I explored this topic a bit in a keynote earlier this year: https://github.com/trailofbits/publications/blob/master/pres...
I will also note that our long-term goal for Slither is to directly address some of the problems in Solidity (https://github.com/crytic/slither). It's like 2/3rds of a compiler already. It just needs a little extra push and we can generate EVM bytecode, then start ripping features out of the language that just aren't safe to use. It's amazing how far Ethereum has come with insecure tools but extreme testability. It begs the question what it would look like with both? I know Kadena is going for the clean slate approach (and we're keeping an eye on you all) but our investment at the moment is in adjustments to the current ecosystem.
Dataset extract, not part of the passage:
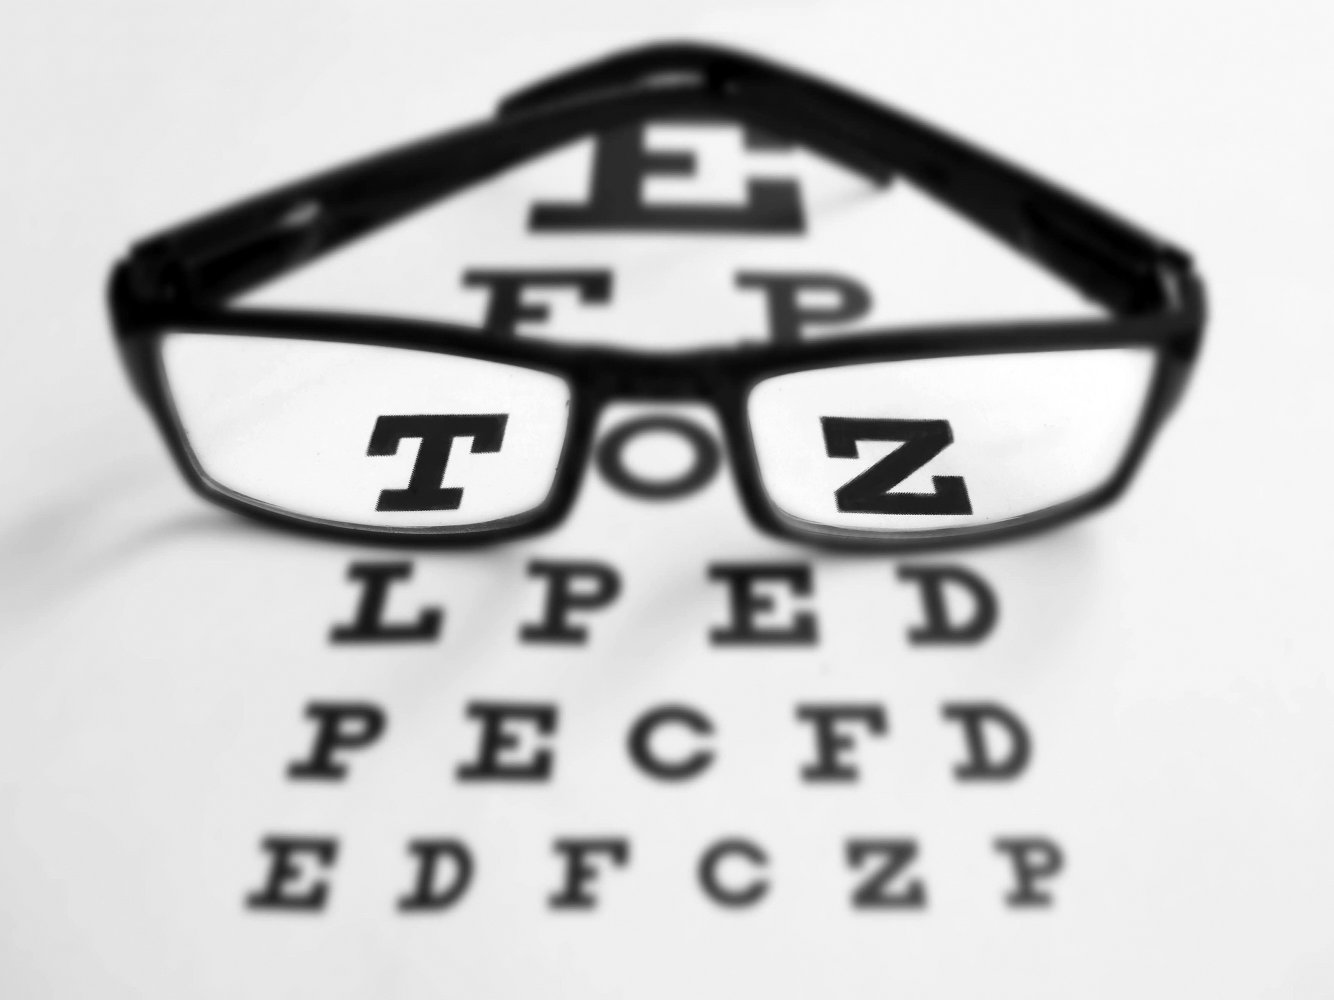 A pair of eyeglasses sitting on top of an eye test chart

The language I encouraged people to use for smart contracts was SPARK Ada. It's a mature language used in many industrial projects. Verification is easier with it. Building on what it already had would've cost them less and reduced risk. A SPARK Ada to EVM compiler is all they needed.
Also Vyper, which doesn't go as far but is already used in production: https://github.com/ethereum/vyper
The EVM itself isn't the end of the road either. Over the next couple years, Ethereum is migrating to a more scalable sharded version using proof of stake, and it looks like that will allow pluggable execution engines.
But then there's the question of whether any of those flaws are even reasonable to take upon your contract when you consider their use-case within a blockchain context. If you're only ever running terminating programs, why expose the entire language to the attack surface of non-determinism and re-entrancy bugs when there are very reasonable and expressive CbyC languages available?
If you want to compare the effectiveness of symbolic execution engines, then you should compare how many unique codepaths they can reach. ETH Zurich recently completed such an analysis in their paper on VerX (https://files.sri.inf.ethz.ch/website/papers/sp20-verx.pdf), an abstract interpretation-based verifier, and found that Manticore had the most complete model of the EVM compared to other symbolic execution engines by far, and we have continued to improve its accuracy in the releases since then. That said, ETH Zurich did underestimate a few of the capabilities of Manticore that we hope to better describe in an upcoming academic paper.
If you're looking to start using Manticore, then browse through the manticore-examples repository (https://github.com/trailofbits/manticore-examples) where we have complete working solutions to CTF challenges, crackmes, logic bombs, and other programs that Manticore excels at exploring.
It would be more effective to test bug detection tools against a database of real smart contract code with precisely identified vulnerabilities and example patches. Any benchmark must contain more than simple tests: it must approximate real software with enough complexity to properly stress tools for automated bug discovery.
There is more discussion about what a good bug detection benchmark looks like in our own Challenge Sets from DARPA (https://blog.trailofbits.com/2016/08/01/your-tool-works-bett...) and something we were working on that is similar for smart contracts in "Not So Smart Contracts" (https://github.com/crytic/not-so-smart-contracts).
You'll note that ETH Zurich and ChainSecurity came up with their own benchmark that meets the description above when they evaluated VerX in the paper I linked above. I'm eagerly awaiting the release of those test cases since they'll help us improve the functionality of many of our tools.